Le peso argentin s'est ressaisi vendredi à l'ouverture du marché des changes, regagnant près de 2%, après une forte dépréciation mercredi et jeudi, qui lui a fait perdre 20% de sa valeur par rapport au dollar.

La troisième économie d'Amérique latine espérait ce vendredi un rebond du peso, qui s'est déprécié de plus de 50% depuis le début de l'année, en raison d'une crise de confiance des Argentins et des investisseurs, dans un contexte de forte inflation.

Jeudi, la Banque centrale (BCRA) a porté de 45 à 60% son taux d'intérêt directeur et le maintiendra à ce niveau record jusqu'en décembre, afin d'encourager les placements en monnaie locale, mais le peso a continué de dévisser (-13%). Vendredi, elle a annoncé la vente de 675 millions de dollars, une initiative bien perçue par les marchés.

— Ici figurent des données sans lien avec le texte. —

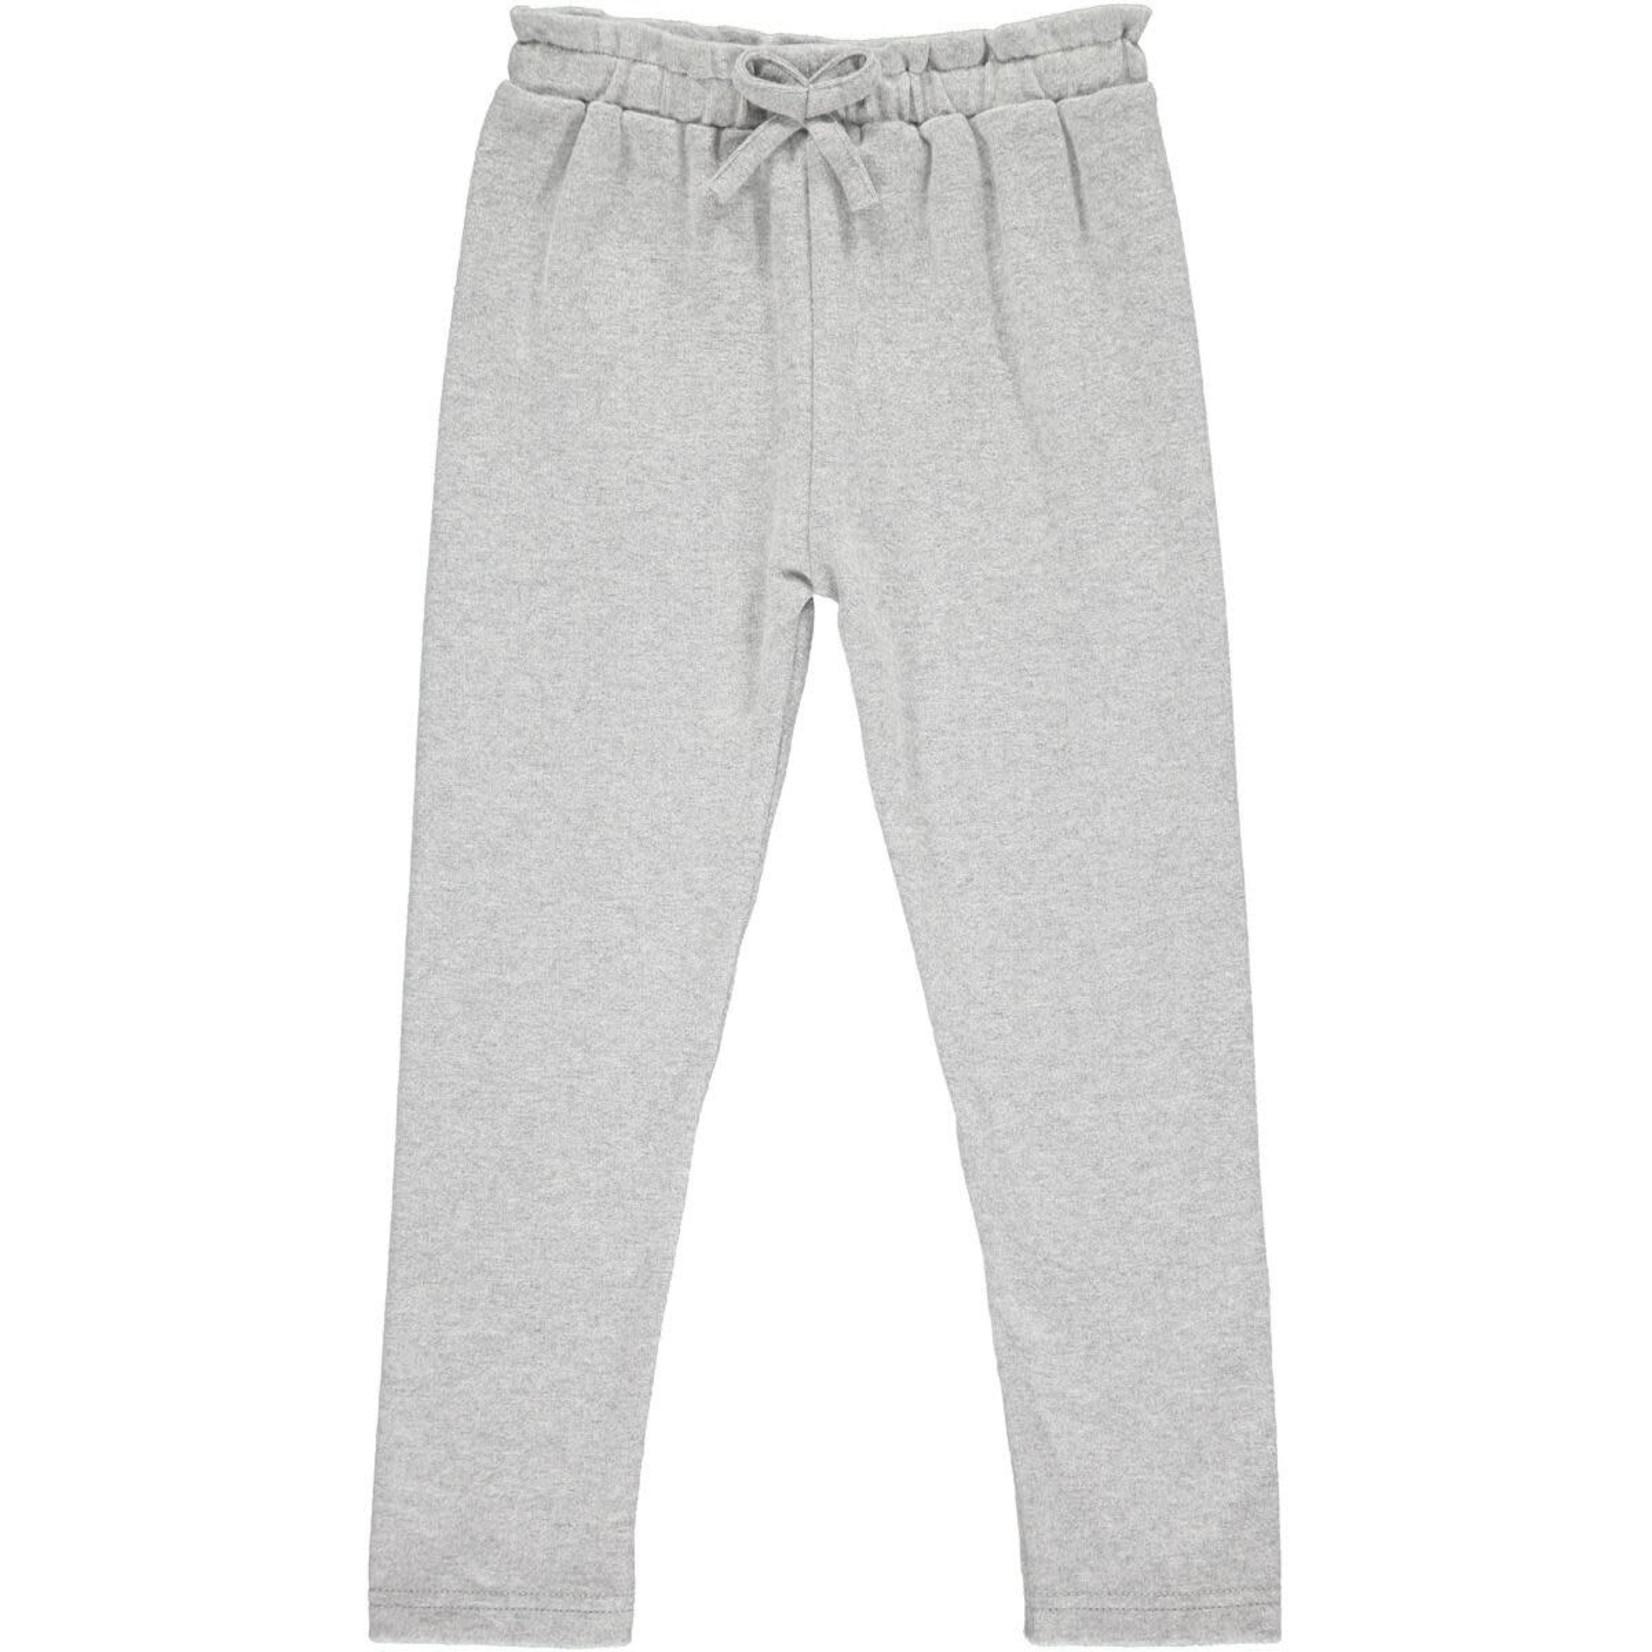 Vignette Fawn Girls Leggings - Grey 4

Le 13 août, la BCRA avait déjà relevé de 40 à 45% son principal taux.

En Argentine, l'inflation sur les douze derniers mois est d'environ 30% et chaque dépréciation de la monnaie stimule une hausse des prix.

Vendredi, le président argentin de centre droit Mauricio Macri a réuni son équipe économique et des annonces sur la réduction du déficit budgétaire sont attendues en début de semaine.

Réunion au FMI

L'Argentine a conclu en juin un prêt de 50 milliards de dollars avec le Fonds monétaire international (FMI) et dépêchera mardi à Washington son ministre de l'Économie Nicolas Dujovne, pour formaliser une accélération des versements, afin de stabiliser son économie.

Pour l'analyste de la Deutsche Bank Jim Reid, «il n'est pas clair désormais si ce sera suffisant pour stabiliser les finances du gouvernement alors que la baisse des réserves persiste».

Le FMI a souligné vendredi sa volonté de «conclure rapidement» de nouvelles discussions avec les autorités argentines, qui vont reprendre mardi à Washington, en vue d'accélérer l'aide financière au pays, en proie à une nouvelle crise économique.

«La directrice générale du FMI Christine Lagarde et l'équipe du Fonds, le ministre [argentin de l'Économie] Nicolas Dujovne et son équipe, ont programmé une réunion mardi prochain pour faire avancer le dialogue», a annoncé Gerry Rice, porte-parole du FMI, dans un communiqué.

«Notre objectif est de conclure rapidement ces discussions et de soumettre un programme économique révisé au comité de direction», a-t-il ajouté.

«Cacerolazos»

L'accord Argentine-FMI prévoit des coupes dans les dépenses publiques pour parvenir à réduire le déficit budgétaire à 1,3% en 2019. Depuis l'arrivée au pouvoir de Mauricio Macri, le passif budgétaire est passé de 6% en 2015 à 3,9% en 2017. L'objectif pour 2018 est de 2,7%.

Pour l'économiste Mario Blejer, ancien président de la Banque centrale, «la crise de confiance a un composant économique, mais aussi politique. Il est pratiquement impossible de récupérer la confiance seulement avec des mesures économiques, il faut trouver un consensus politique».

Mauricio Macri aura probablement du mal à faire adopter pour 2019 un budget d'austérité au Parlement, où sa coalition ne dispose pas de la majorité.

Selon M. Blejer, «cette crise est beaucoup moins grave et sérieuse que celle de 2001». Fin 2001, l'Argentine s'était déclarée en défaut de paiement, incapable de rembourser ses dettes.

«Le gouvernement a corrigé [des déséquilibres], mais les effets n'apparaissent pas rapidement, les politiques anti-inflation tardent parfois 6 à 8 mois avant de donner des résultats. Je crois qu'il est possible que l'économie fonctionne bien l'année prochaine», souligne Mario Blejer.

Le gouvernement projette une récession de 1% pour 2018, alors que le pronostic initial établi en 2017 avant la crise du peso était une croissance de 3% cette année.

Jeudi soir, dans plusieurs villes d'Argentine, des «cacerolazos» (concerts de casseroles) ont retenti pour dénoncer la hausse des prix.